General Relativistic Fall on a Thick-Plate

TL;DR

This paper models a thick-plate in a Kasner-type spacetime to analyze gravitational fall, revealing conditions for Newtonian-like acceleration and unbounded escape velocity, extending thin-shell domain wall concepts.

Contribution

It introduces an exact thick-plate model using Kasner-type spacetime, extending thin-shell domain wall analysis to a more realistic thick-structure with detailed geodesic and gravitational properties.

Findings

Conditions for Newtonian-like fall with constant negative acceleration.

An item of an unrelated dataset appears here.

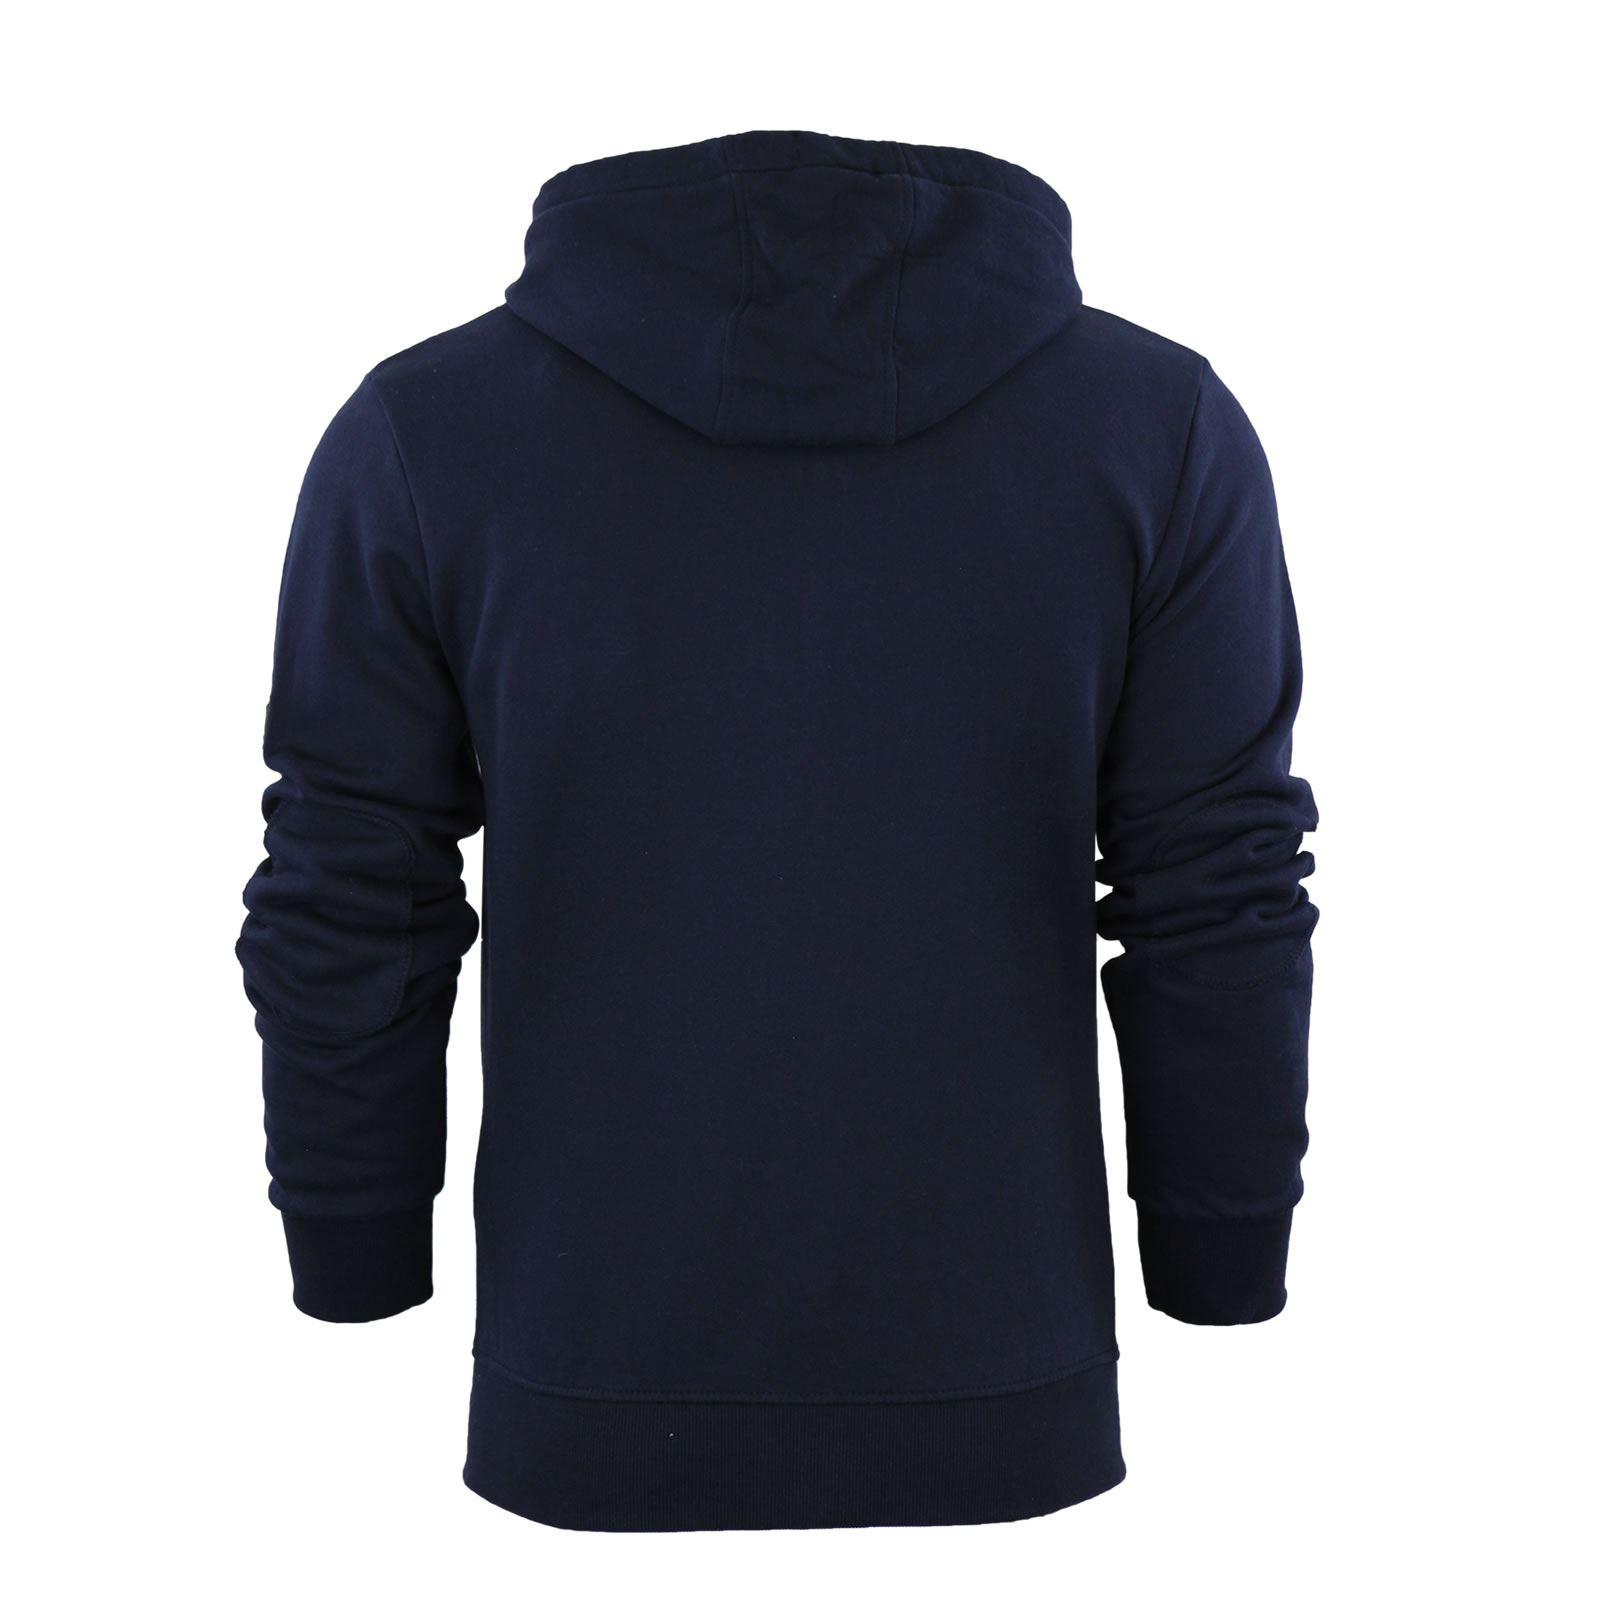 Mens-Hoodie-Smith-amp-Jones-Zip-Up-Hooded-Sweater-Jumper thumbnail 18

Escape velocity of the thick-shell is unbounded.

Metric is regular, but energy-momentum remains problematic.

Abstract

As an extension of a thin-shell, we adopt a single parametric plane-symmetric Kasner-type spacetime to represent an exact thick-plate. This naturally extends the domain wall spacetime to a domain thick-wall case. Physical properties of such a plate with symmetry axis $z$ and thickness $0\leq z\leq z_{0}$ are investigated. Geodesic analysis determines the possibility of a Newtonian-like fall, namely with constant negative acceleration as it is near the Earth's surface. This restricts the Kasner-like exponents to a finely-tuned set, which together with the thickness and energy parameter determine the G-force of the plate. In contrast to the inverse square law, the escape velocity of the thick-shell is unbounded. The metric is regular everywhere but expectedly the energy-momentum of the thick-plate remains problematic.